Data shown:

--

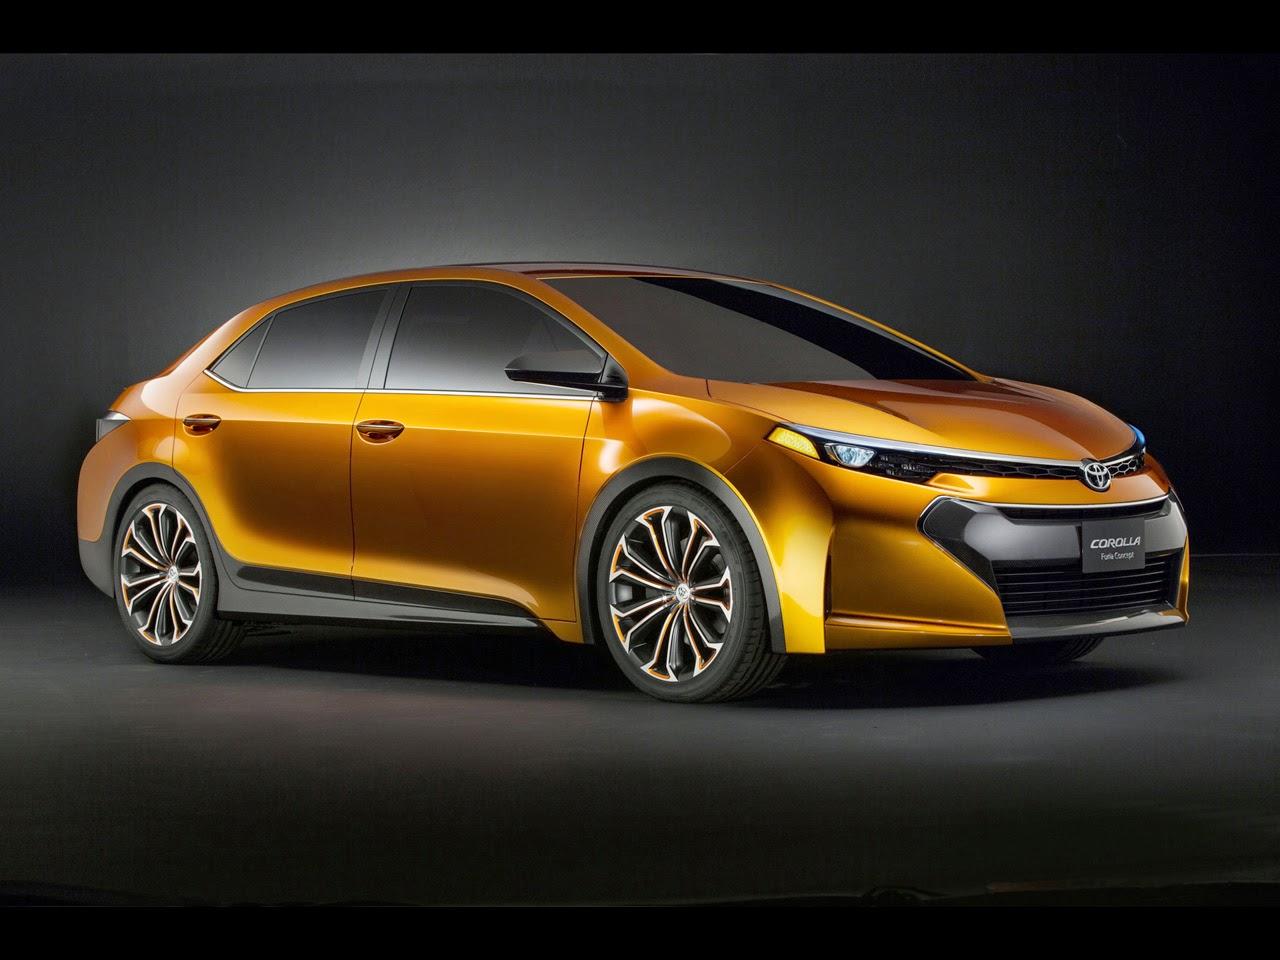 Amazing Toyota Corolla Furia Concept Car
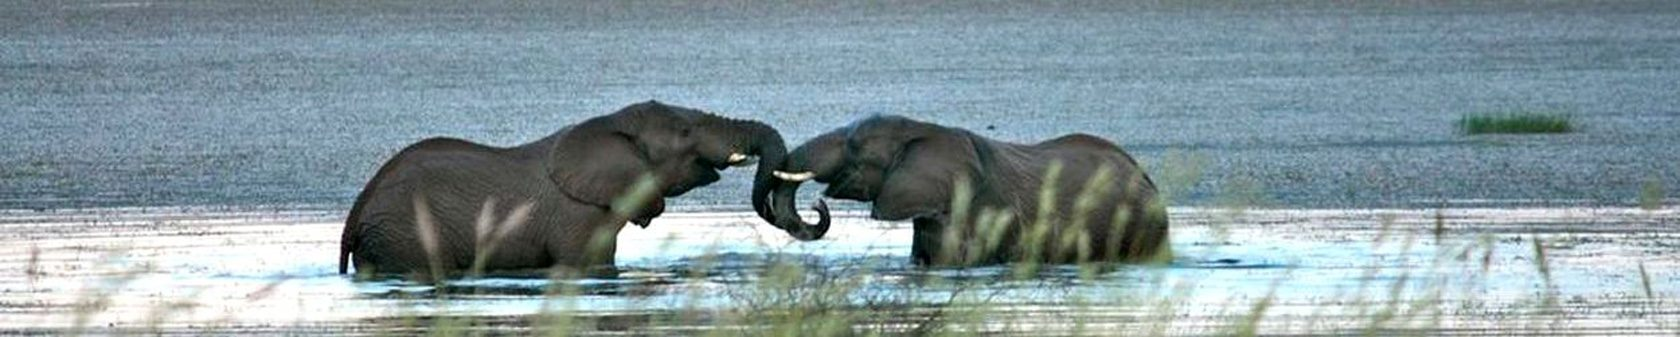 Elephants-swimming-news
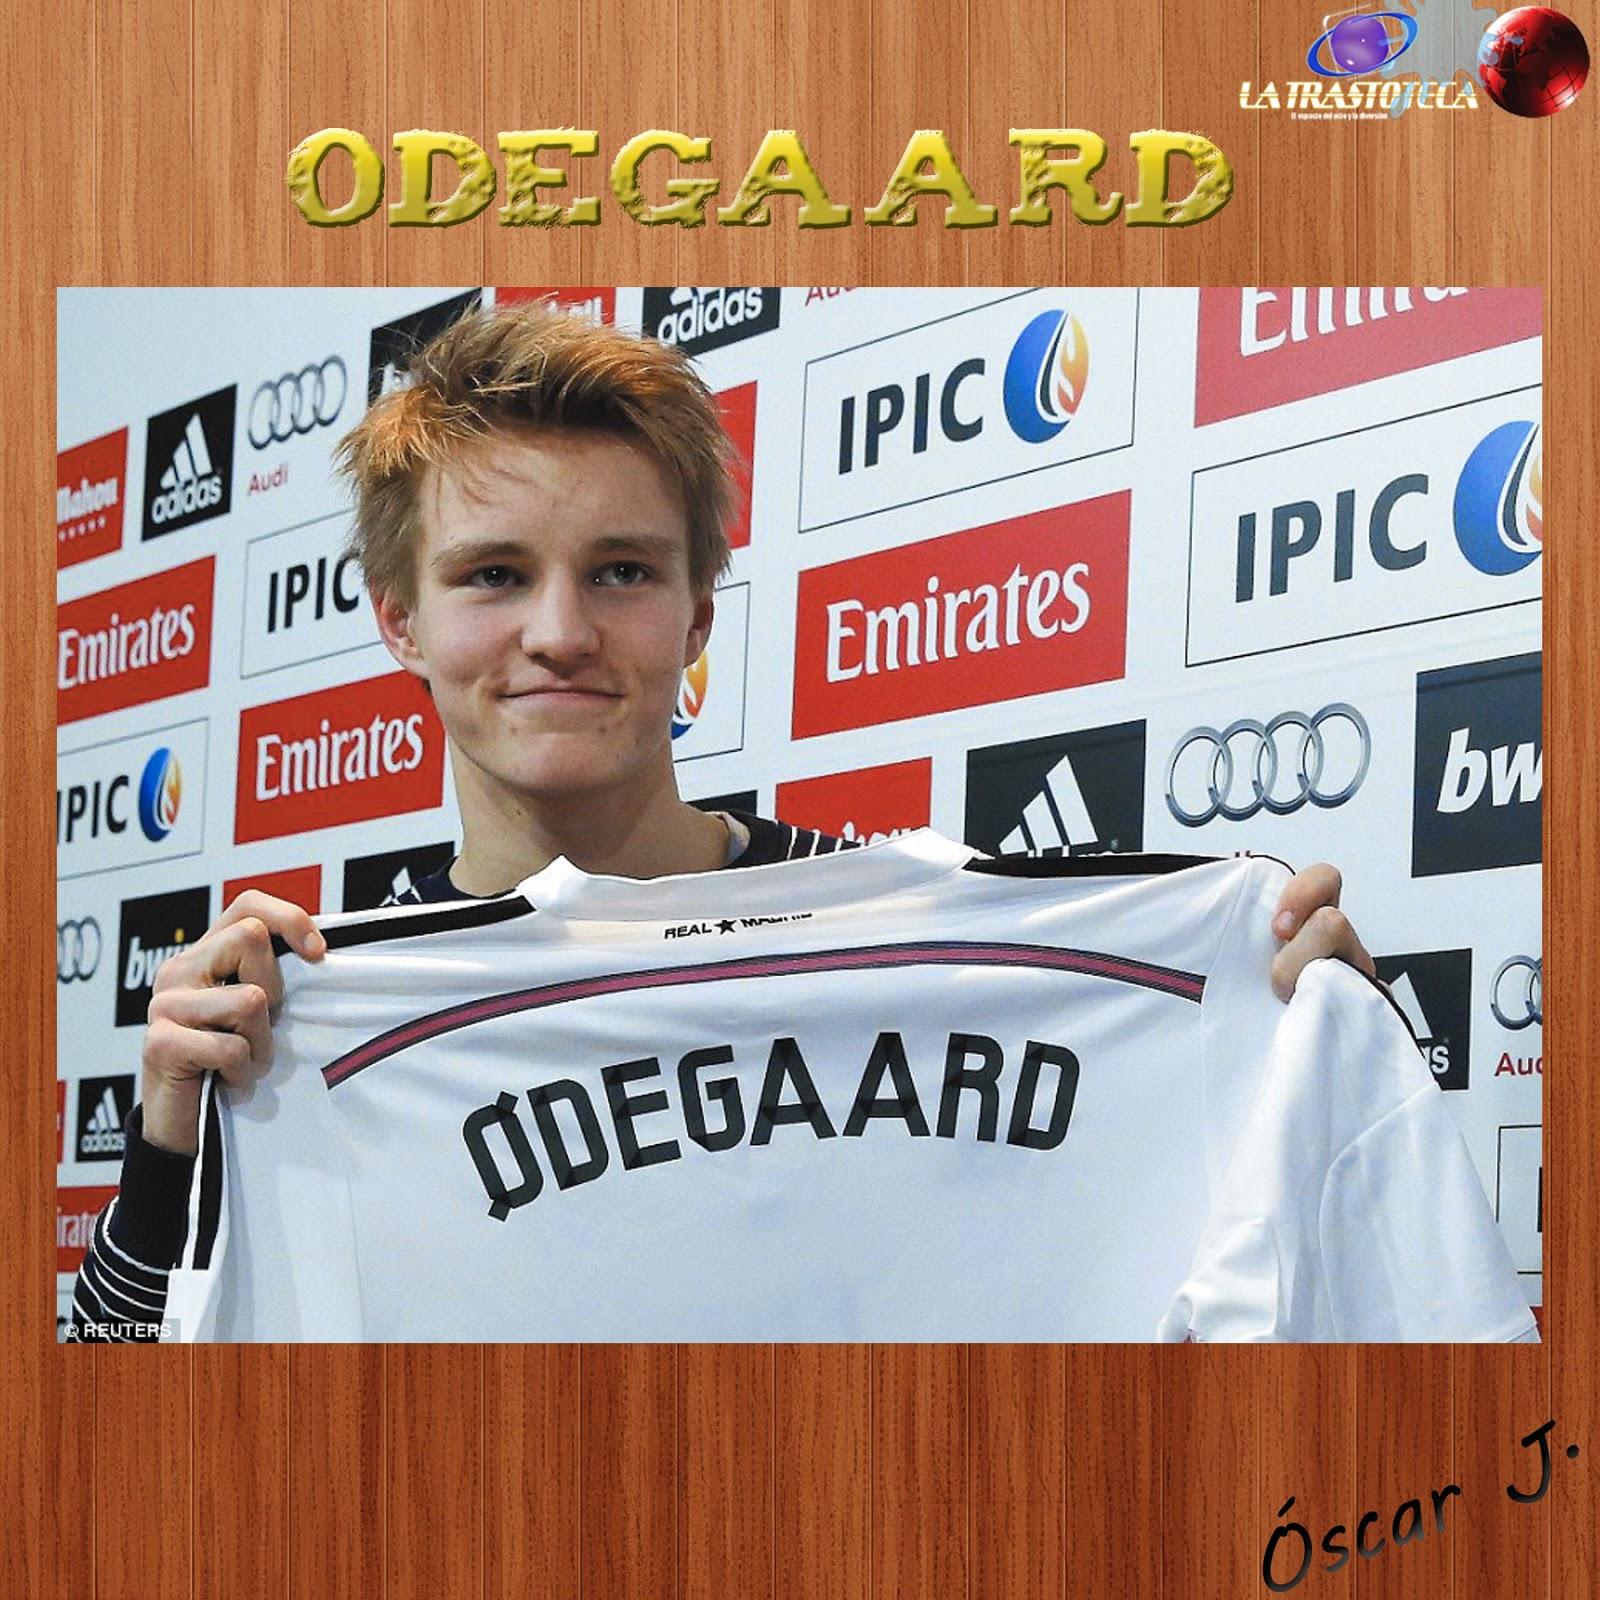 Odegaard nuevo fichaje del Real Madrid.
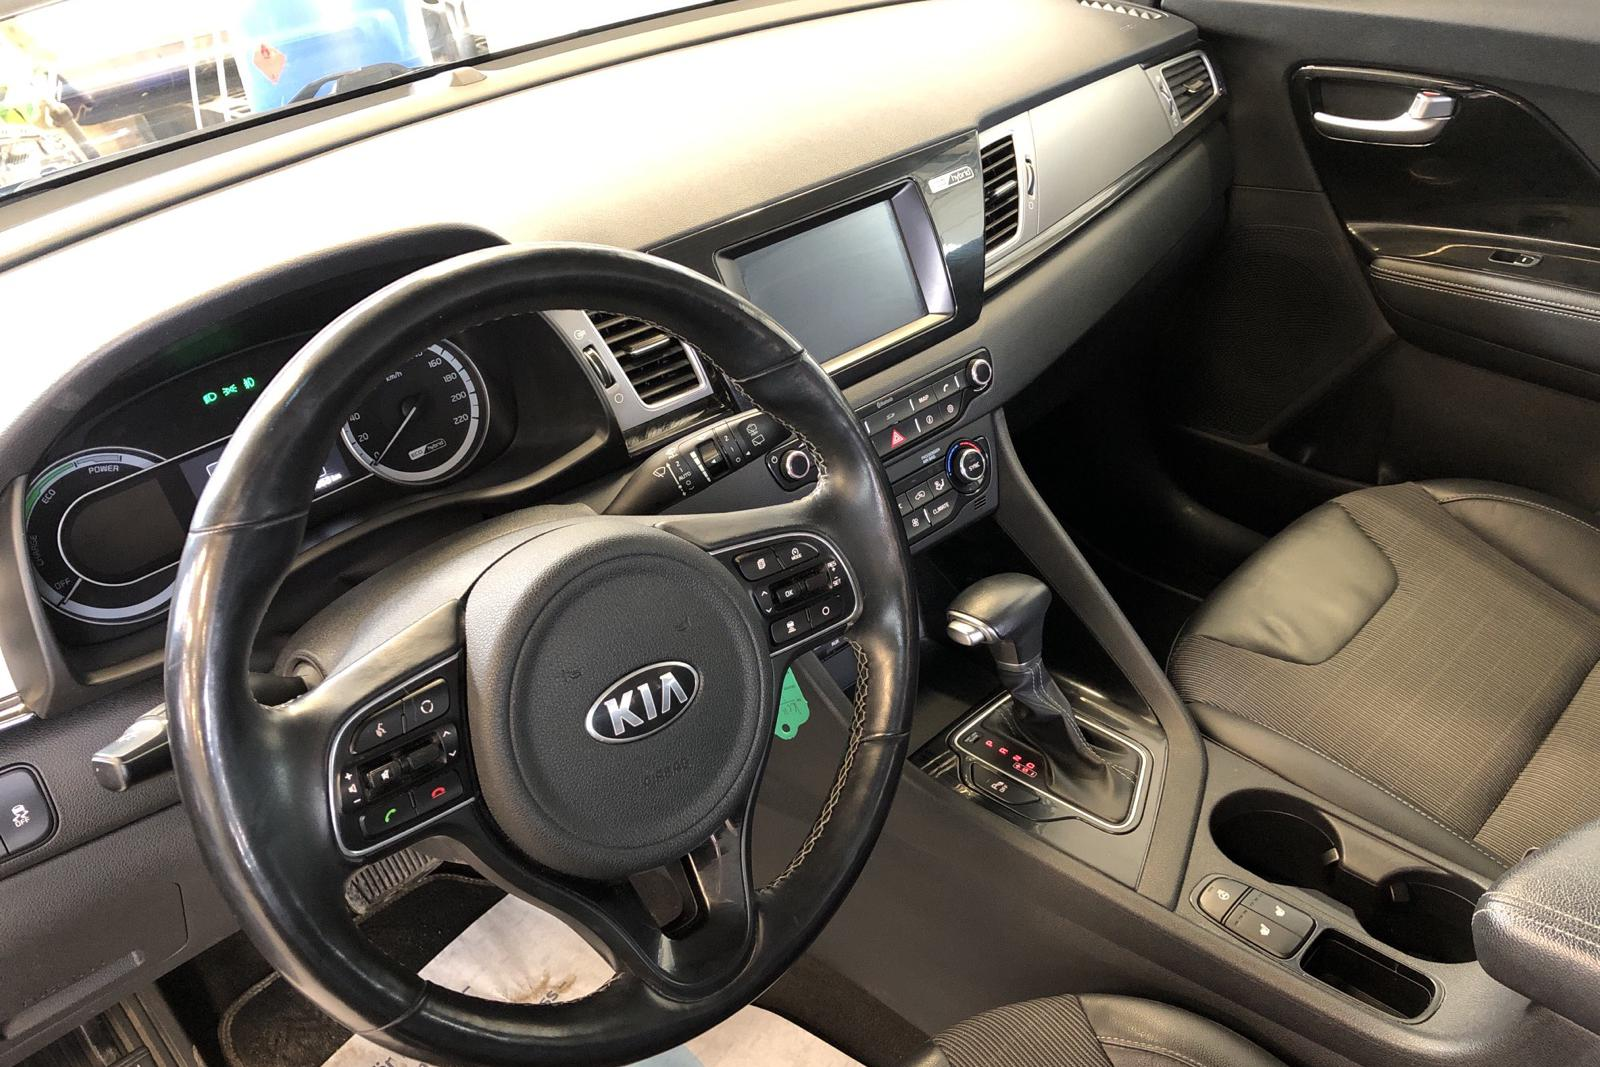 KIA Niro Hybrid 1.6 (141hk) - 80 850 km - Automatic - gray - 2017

--

Task item: Your job is to reproduce the material exactly. Keep pictures out of it.

Response to the task:
 Amazing Toyota Corolla Furia Concept Car
 Elephants-swimming-news
 Odegaard nuevo fichaje del Real Madrid.
 KIA Niro Hybrid 1.6 (141hk) - 80 850 km - Automatic - gray - 2017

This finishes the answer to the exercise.